KÂBE’DE NİJERYALI Osman ile tanışmıştı, Medine’de Nedjoua Elhadi ile. Biraz İngilizce, biraz Arapça, biraz işaretçe bir şekilde anlaştılar. Kelimelerden öte kalpten konuştular; harfsiz ve sessiz, derin ve etkileyici. Telefonun verdi Elhadi, memleketine davet etti.
Osman’a tesbihat hediye etmişti, Elhadi’ye Cevşen. Heyecanından ayağa kalktı sarıldı, Cevşeni öptü başına koydu.
Sabah namazında görünce hemen yanına geldi. Halleştiler, hatırlar sordular; sürur soludular, muhabbet içtiler. Dostluk bağları kalplerden kıtaları sardı, imanın birleştiriciliği ve bütünleştiriciliğinde buluştular.
Afrika’nın bu sıralar duaya çok ihtiyacı var. Nijerya Osman’ın şahsında tesbihat, Cezayir Elhadi’nin şahsında Cevşen okuyor inşallah. Tunus’ta başlayan bölgeye yayılan hadiseler kardeşkanı dökülmeden, dâhildeki asayişi bozmadan ve zalimlere fırsat vermeden sükûnetle adaletli bir şekilde çözülür inşaallah.

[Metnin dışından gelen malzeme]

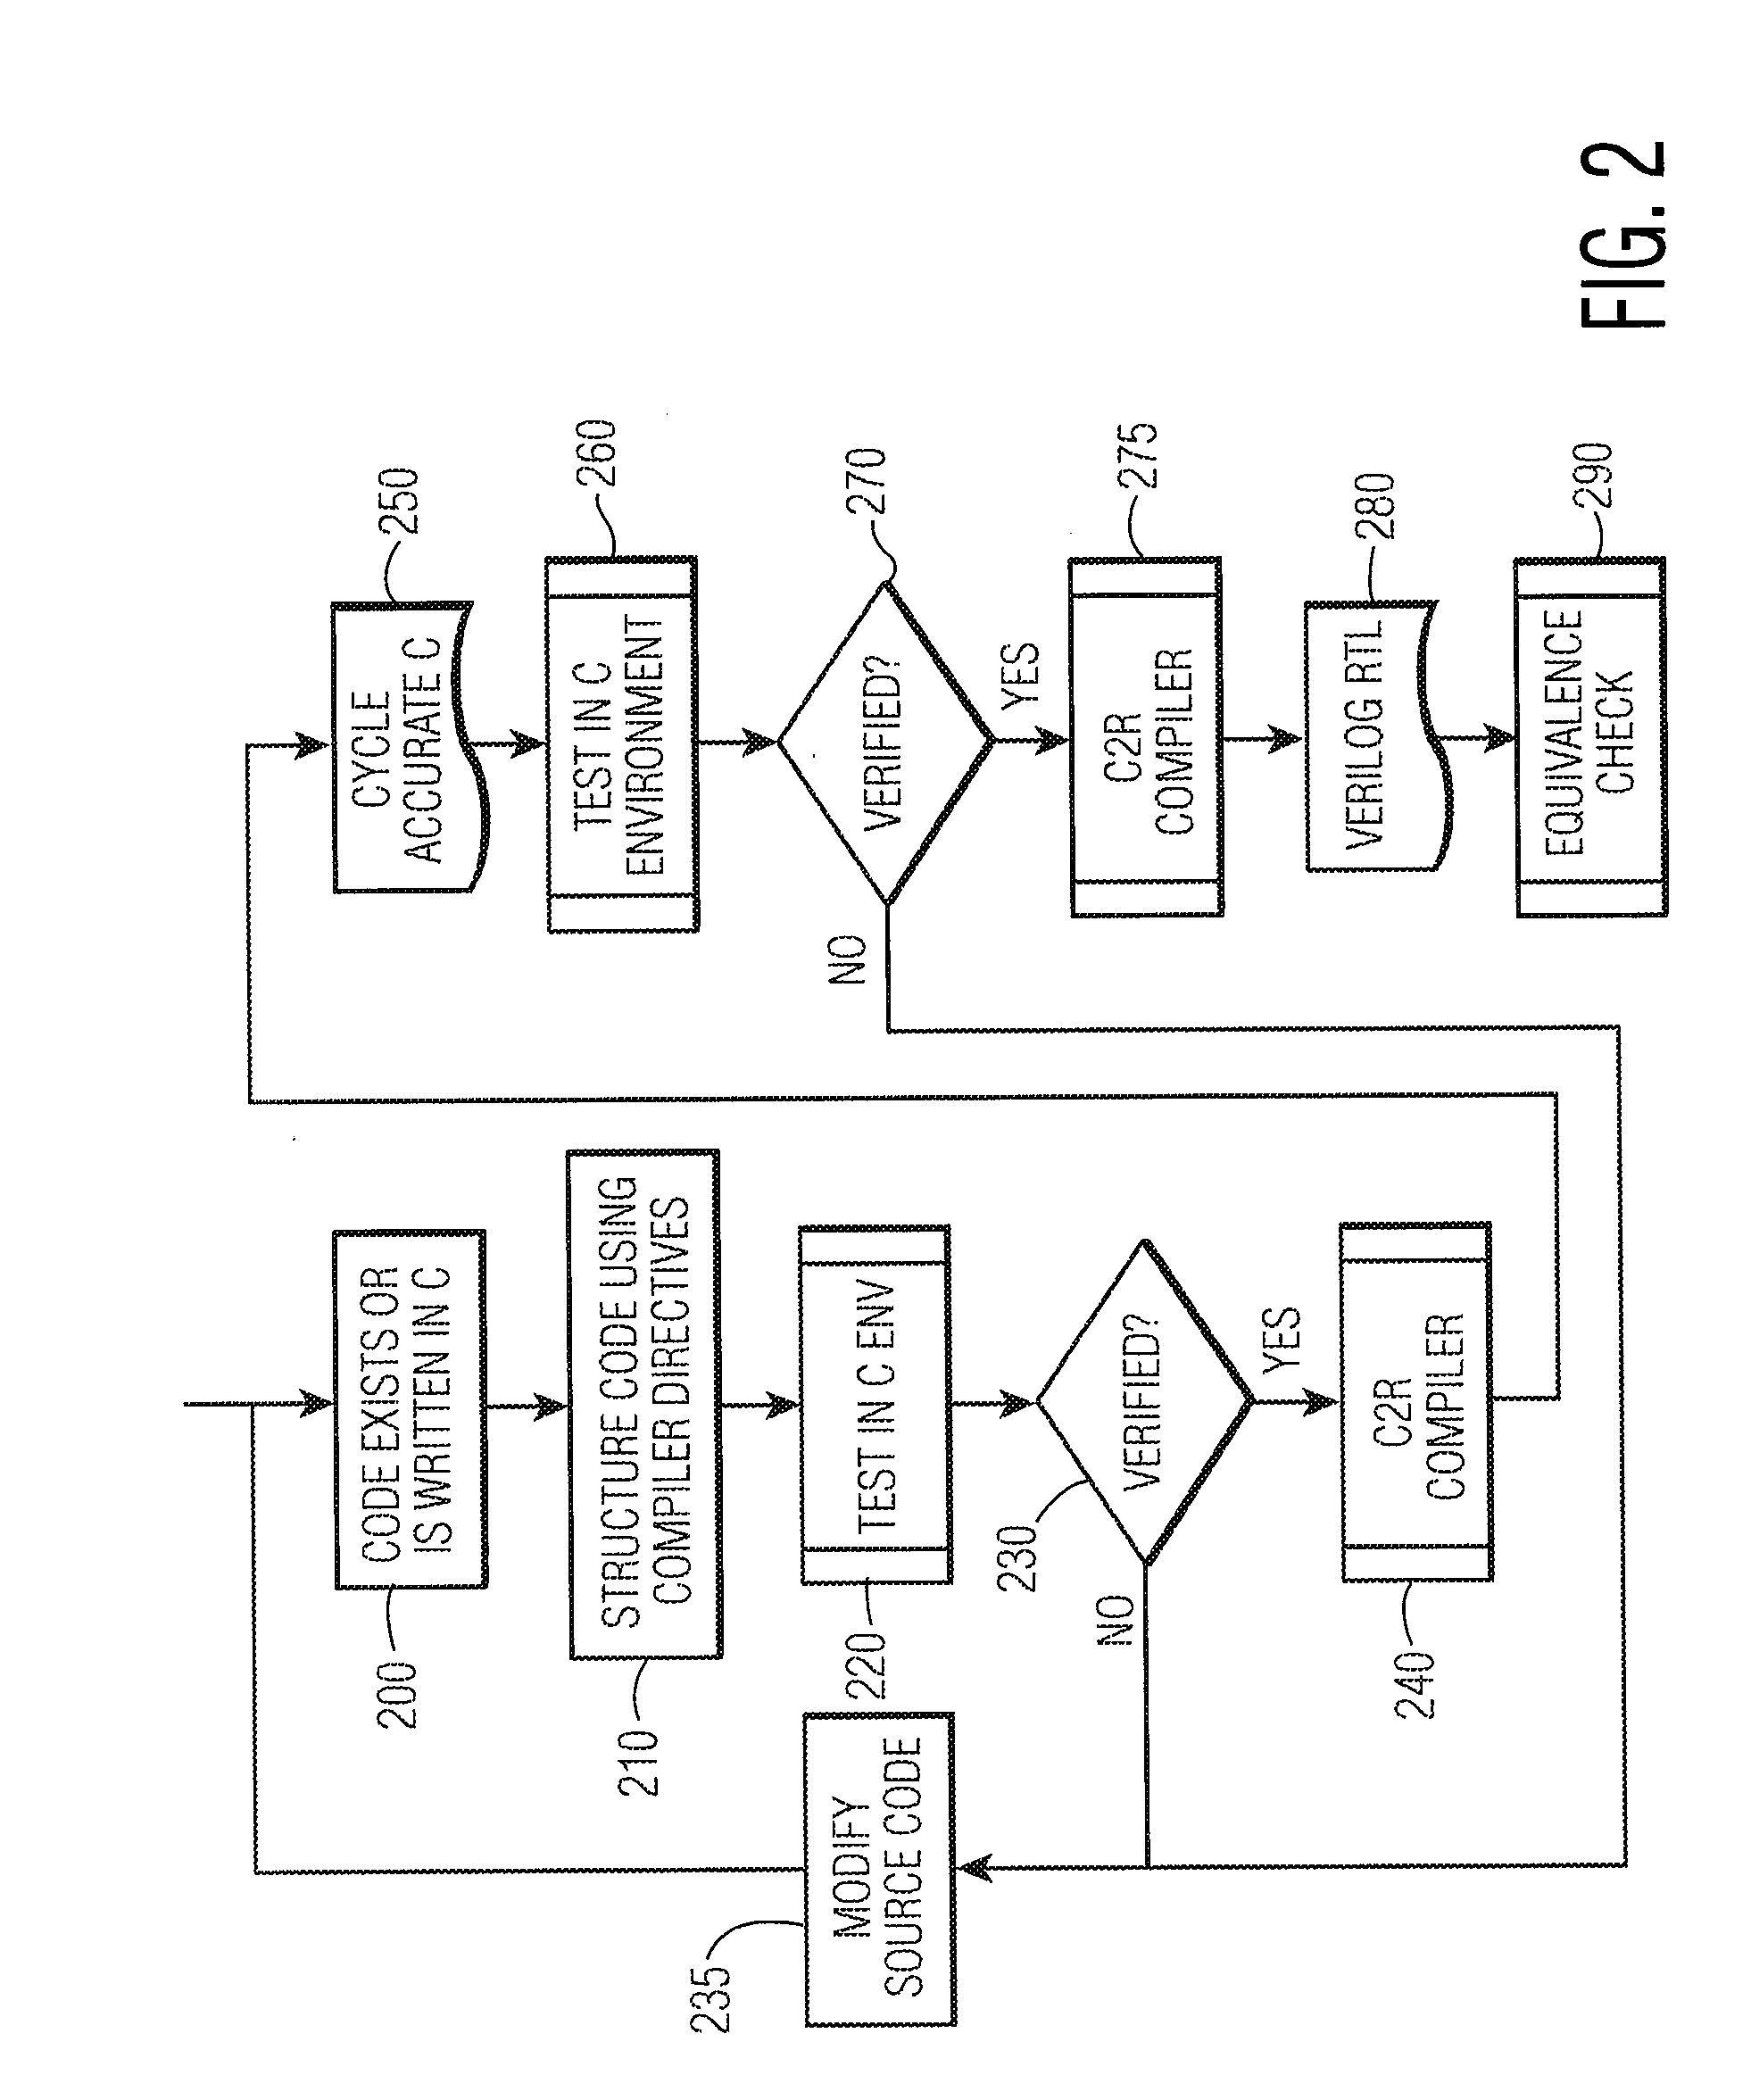 System and method for converting software to a register transfer (RTL) design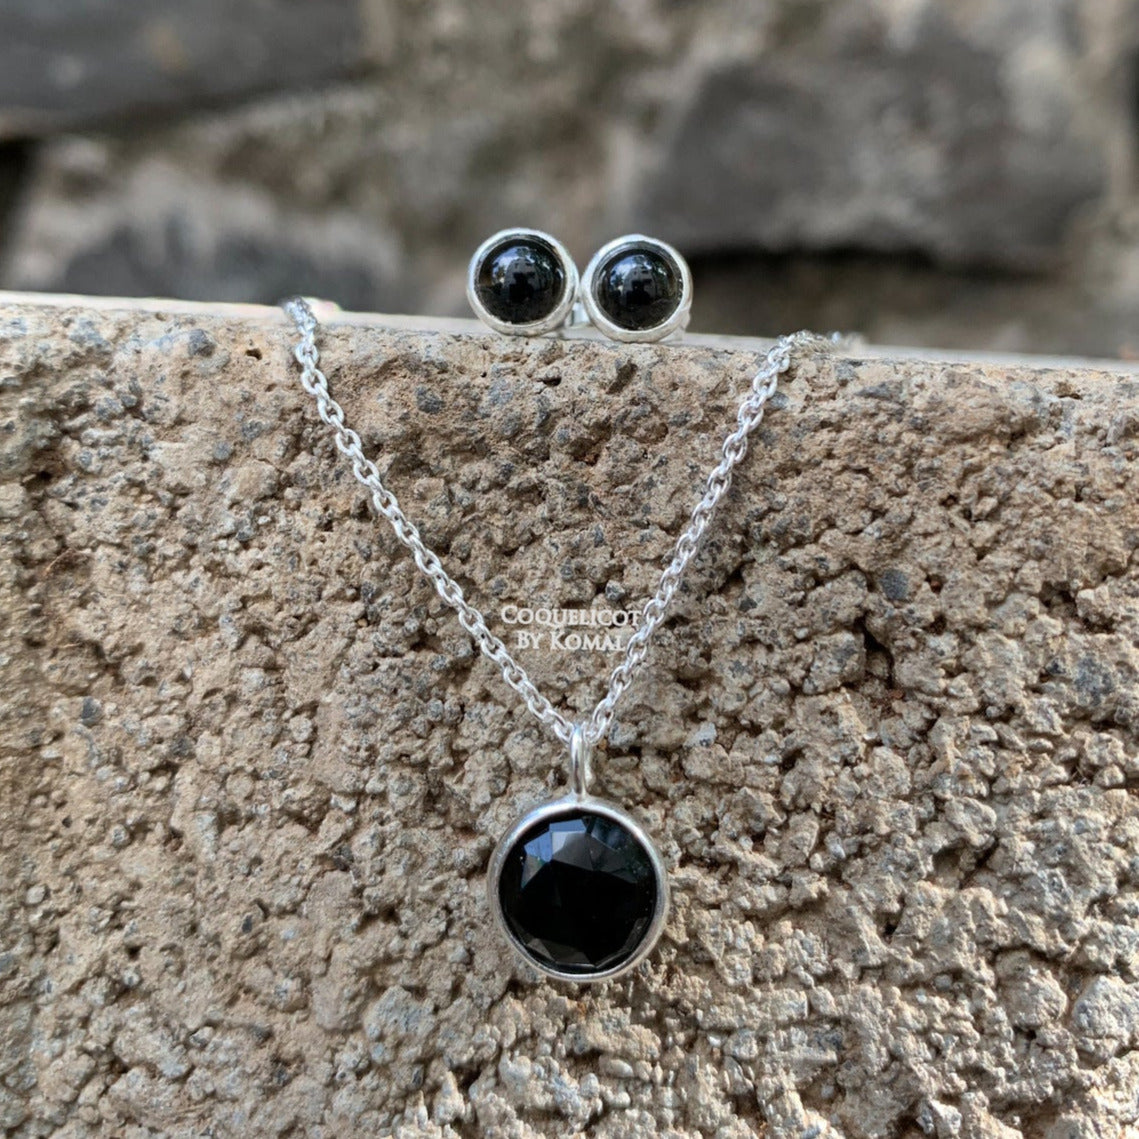 Black Obsidian Necklace and Earrings Set with 10mm round cut pendant, chain and 6mm studded earrings. This dainty women's jewellery is a perfect spiritual and unique gift.

Mısır İslamın zeki bir mahdumu diyor asrın şefkatli tabibi. Mektebindeki tedrisatını tamamladığında kıtanın başına geçecek İslam sancaktarlığını yapacak. Yaşanan sıkıntılar onun habercisi olmasın?
Keza diğer kıtalar da sancaktarlarını bekliyor.